Tuesday, 8 January 2019

School Street, Drayton

A chilly but nevertheless lovely morning with a clear blue sky showing only a few wisps of cloud. And even these, on closer examination, proved to be the disintegrating remains of aircraft vapour trails.

I took Chris in to work for a couple of hours with the Air Ambulance. Not only is it voluntary and therefore unpaid but only rarely do I collect her without she has found a  'lovely vase' or a 'really nice set of banana straighteners'. I sigh and kiss a few quid goodbye. This voluntary work can be expensive.*

Leaving town I drove out to our allotment to drop a load of dead flowers, lettuce leaves, banana skins and coffee grounds on to the compost heap. Lots of 'ferns' are growing around the cherry tree; in fact they are young plants of Phacelia tanacetifolia.

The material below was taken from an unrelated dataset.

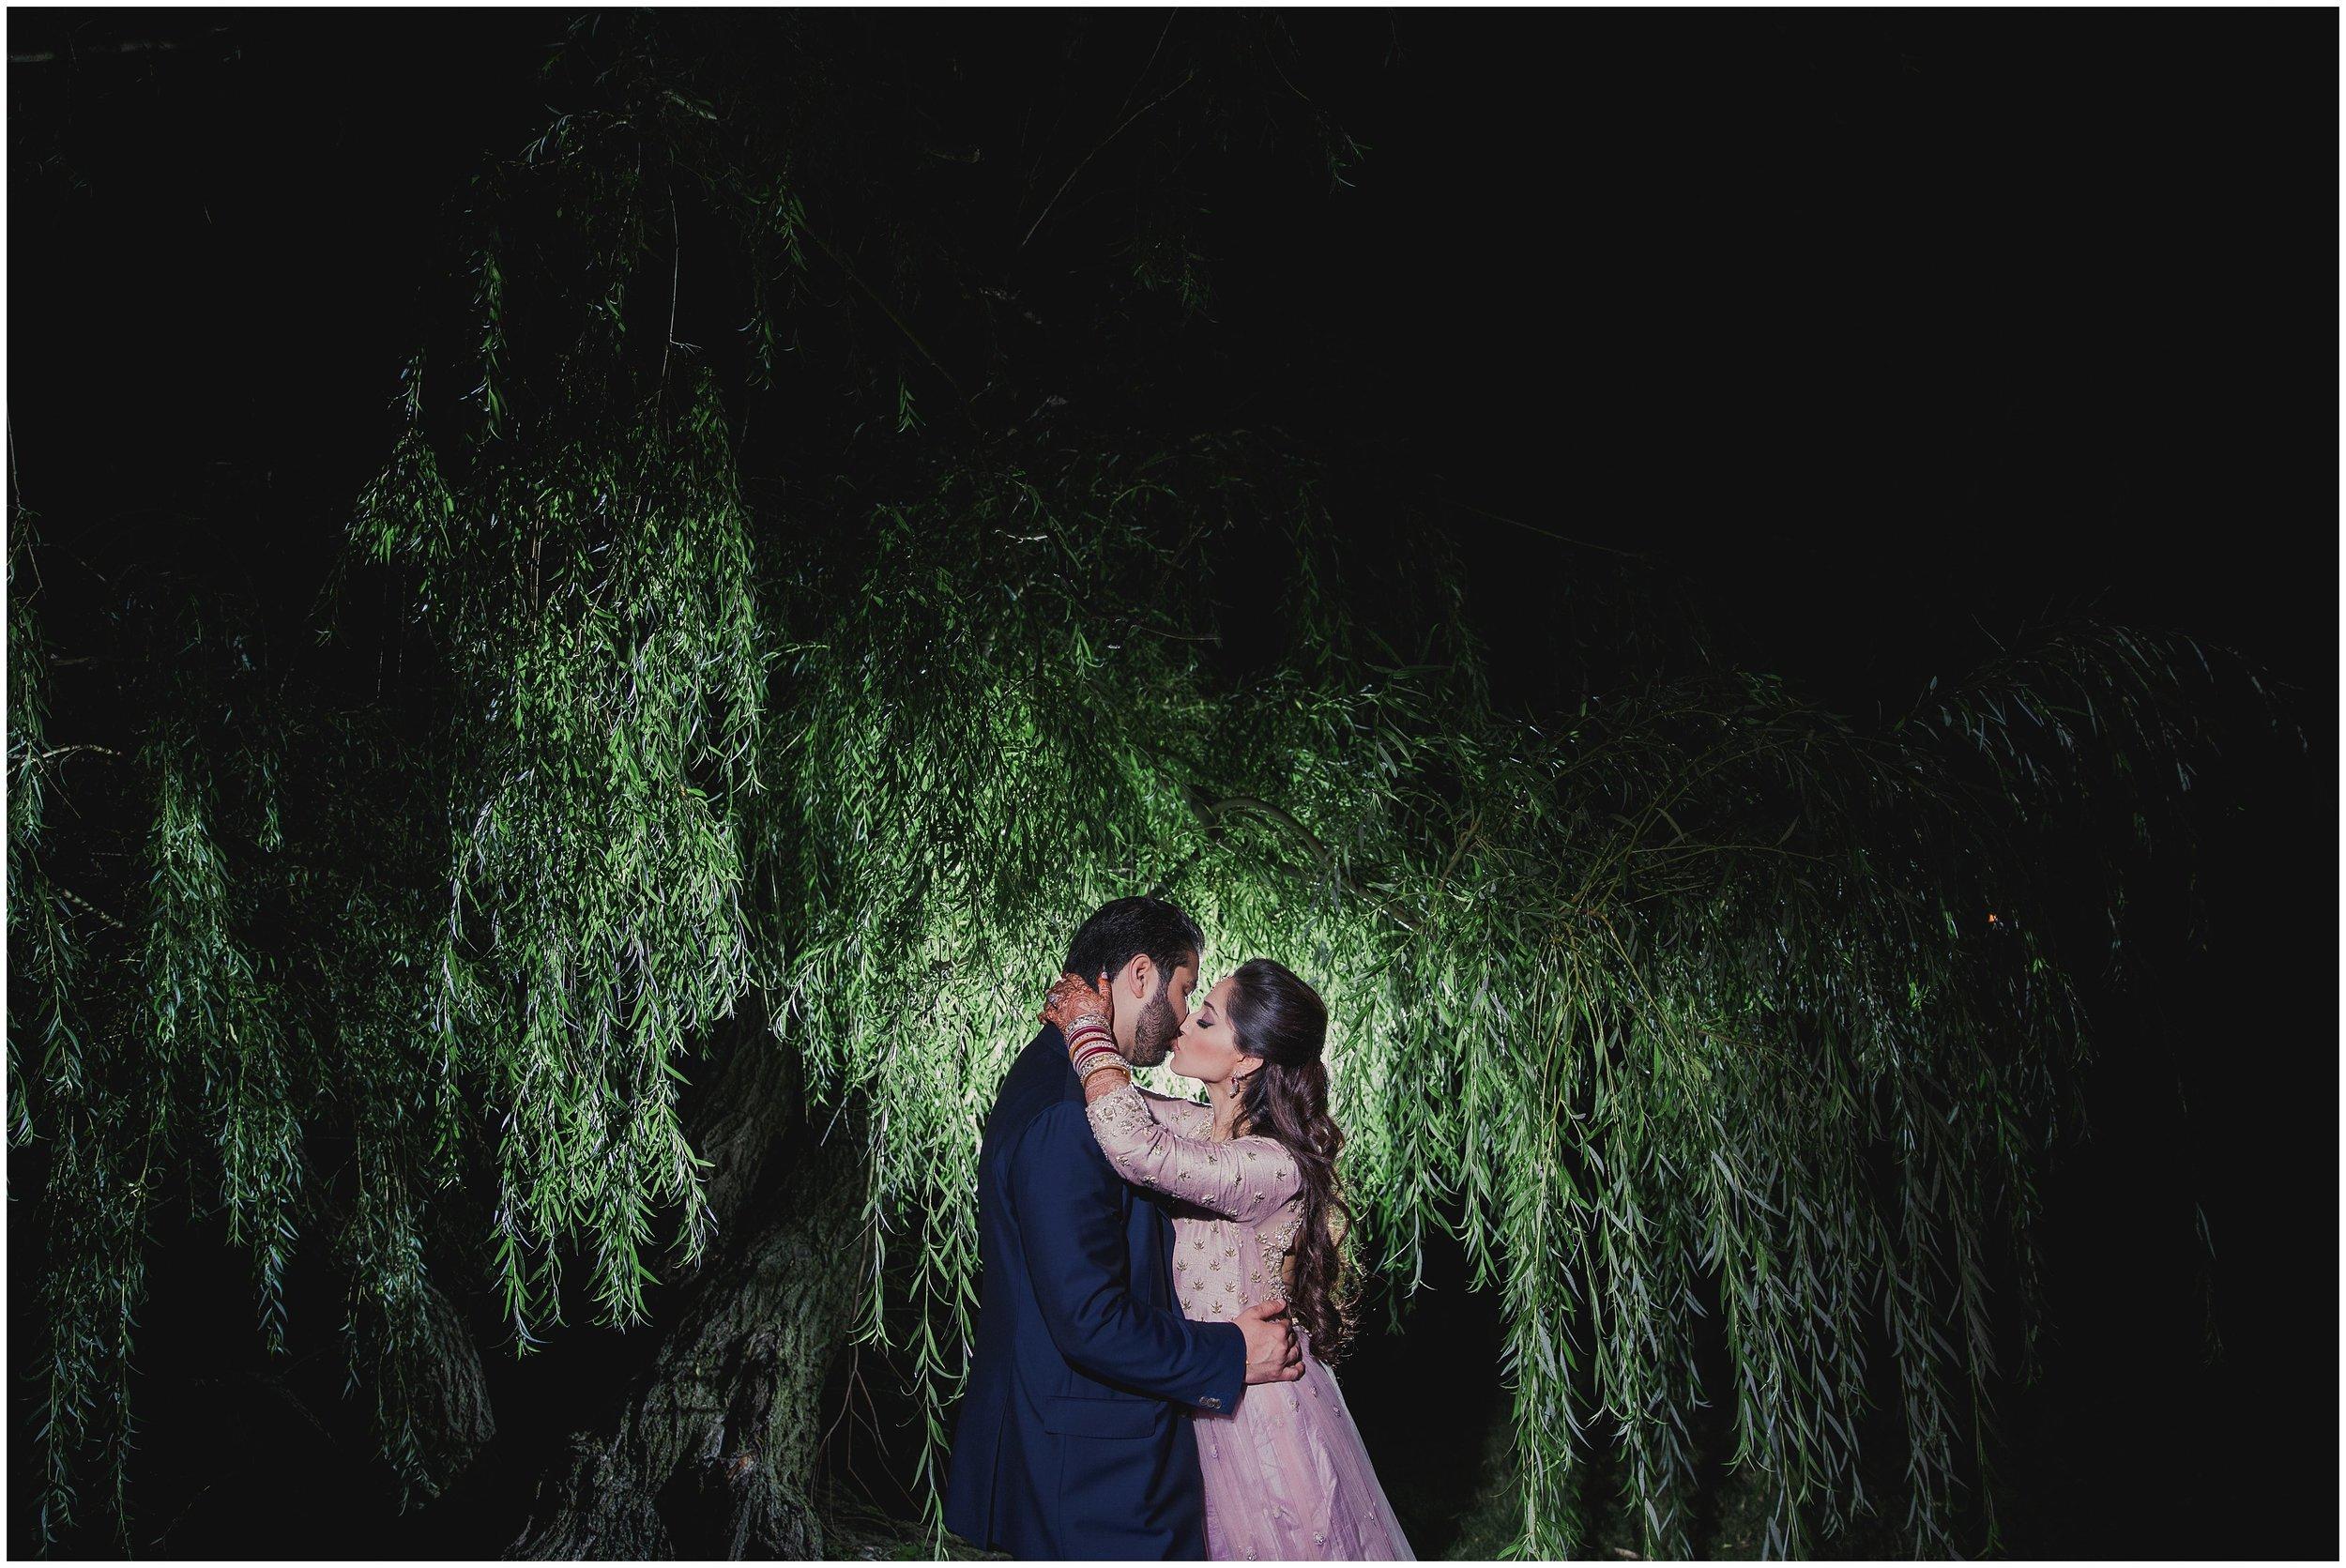 Le Cape Weddings - South Asian Wedding in Illinois - Tanvi and Anshul -3001_LuxuryDestinationPhotographer.jpg

Young phacelia plants are popping up around our allotment.
Drayton, Daventry. 8 January, 2019

I grew the species last year as a green manure and subsequently many are popping up in unexpected places. I may leave a few plants for their attractive blue flowers growing in little clusters. (The word phacelia comes from the Greek phakelos, a bundle, and refers to these flowers.)

Having locked the allotment gates I set off for a walk down School Street. The school has not functioned as such for several decades and is now a most attractive private residence.

The former school in Drayton, now a lovely house.
8 January, 2019
Almost opposite the school stood a clump of bamboo. Nothing unusual about that you might think but it is by some distance the tallest bamboo I've ever seen in Britain, certainly reaching roof-top height. It may be Phyllostachys bissetii but that is purely a guess. Bamboos are tricky.

Wow! Reaching the rooftops. Bamboo in Drayton.
8 January, 2019

Several gardens held specimens of a neat, flat-topped birch. It is, I believe, a form of our native Silver Birch, Betula pendula, known as Young's Weeping Birch. None of the specimens grew above about three metres in height, making it a very useful tree for small gardens.

Young's Weeping Birch? A very popular small garden tree.
Drayton, 8 January, 2019
Only a mile or so today but that was plenty. I'm feeling smug having lost another pound, and I don't want to be reckless with my walking.

* Today's booty proved to be a pair of heavy, tapestry-like curtains with a medieval motif although, to be fair, they were for our son-in-law Dean, who will doubtless put them to good use.